Rfi nous l’apprenait hier, le géant du ketchup est dans la panade ! C’était le titre d’un article qui détaille les importantes difficultés que traverse actuellement la société Heinz, l’une des principales à commercialiser du ketchup. Et on doit reconnaître que son produit phare se vend de moins en moins et que la société a tardé à élaborer des produits de remplacement, qui seraient plus en vogue, qu’on considérerait comme plus diététique. On le sait, le ketchup est une sauce vinaigrée et épicée, à base de tomate, avec ce drôle de nom qui s’est tout à fait adapté à la langue française. Nous l’avons emprunté à l’anglais d’Amérique du Nord : c’est de là que venait le produit. Mais malgré les apparences sonores – le ketchup est presque homonyme du verbe catch up qui signifie rattraper – le mot n’a rien d’anglais ni d’américain, et c’est un emprunt au chinois par l’intermédiaire probable de la langue malaise.

Que représente-t-il ? Une sorte de concentré de consommation américaine, et de nourriture fabriquée industriellement, de manière chimique et massive : on ne parle pas de ketchup maison, alors que c’est bien souvent le cas pour la sauce tomate. Et bien que ce ketchup soit un genre de sauce à base de tomate, on n’en parle pas comme d’une sauce tomate !
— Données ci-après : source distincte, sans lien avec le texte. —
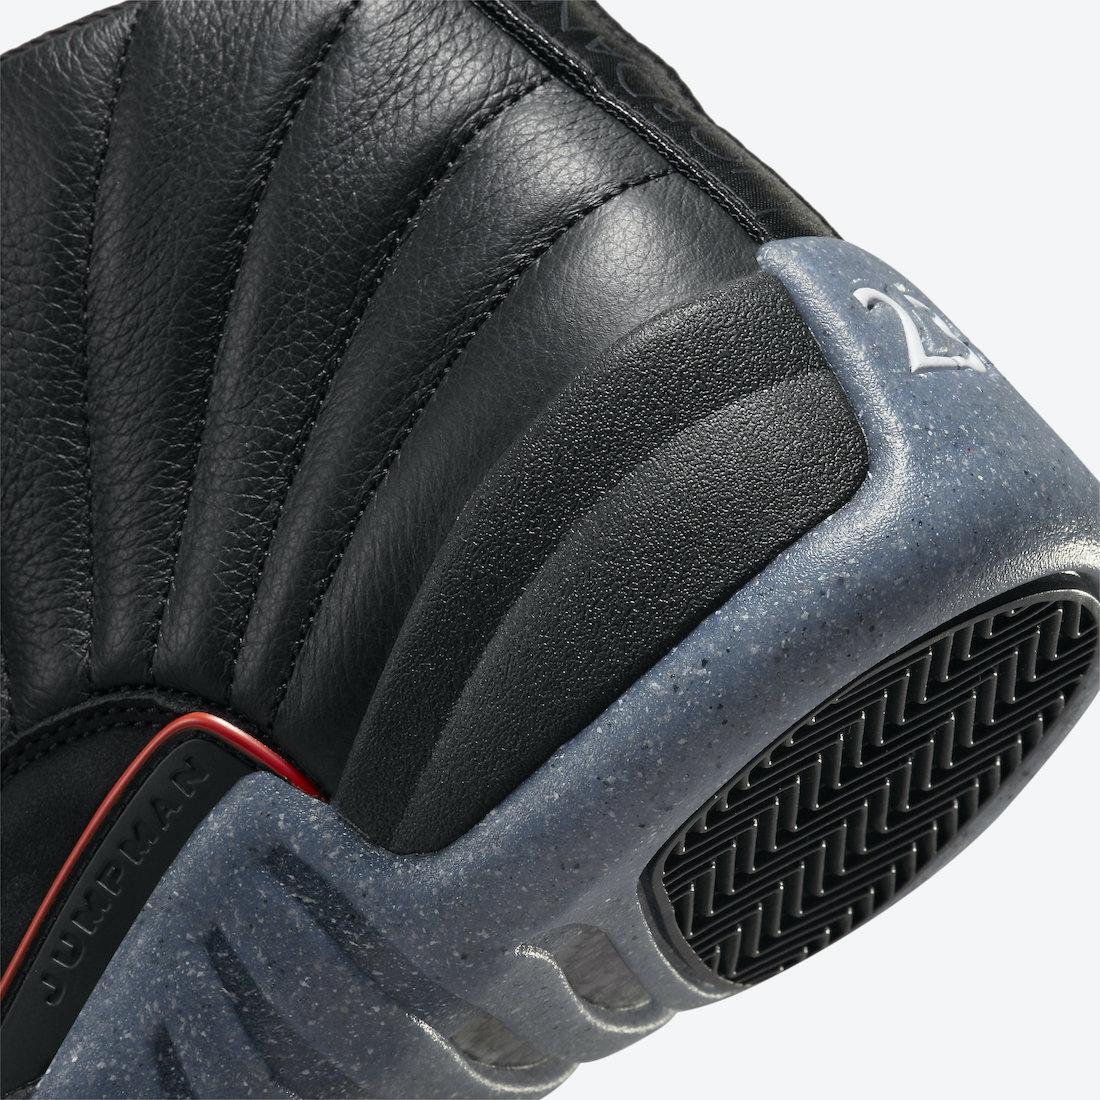 Air-Jordan-12-Utility-Black-DC1062-006-Release-Date-Price-7

Et il y a une particularité linguistique à ces sauces, ces accompagnements d’un aliment plus important : pas de préposition pour indiquer l’ingrédient principal : sauce tomate, et non sauce à la tomate. Et on retrouve ça par exemple en Afrique, avec la sauce feuille, la sauce graine…

À quoi servent-elles, toutes ces sauces ? À relever le goût du plat auquel elles sont ajoutées. Comme des aromates qui rajoutent saveur et odeur, comme des condiments. Voilà un mot qu’on utilise moins et qui désigne une sorte de matière, le plus souvent crémeuse et qui sert d’assaisonnement. Assaisonnement ! Quel joli mot ! Qui au départ renvoie à cette idée qu’il faut apprêter un plat conformément à la saison, en utilisant les plantes de saison.

Et bien sûr il nous faudrait aussi parler de la moutarde. C’est une graine on le sait, à partir de laquelle on élabore cet accompagnement. Mais au départ, on contrastait le goût de certains plats avec du moût de raisin, du jus de raisin non fermenté.

Terminons cet éventail de saveurs avec la mayonnaise. Drôle de mot, dont l’origine lointaine est probablement géographique : elle viendrait de Port-Mahon, capitale de l’île de Minorque, aux Baléares. La ville avait été prise par les Français en 1756, et le duc de Richelieu – non pas le ministre de Louis XIII, mais un autre, du même nom – et son cuisinier, privé des ingrédients qu’il trouvait en généralement en France, avait inventé cette sauce avec les moyens du bord, et ce dont il disposait : huile et œufs. Voilà donc la sauce à la Mahonaise, qui nous a donné notre mayonnaise !

Avertissement ! 
Ce texte est le document préparatoire à la chronique Les Mots de l’Actualité. Les contraintes de l’antenne et la durée précise de la chronique rendent indispensable un aménagement qui explique les différences entre les versions écrite et orale.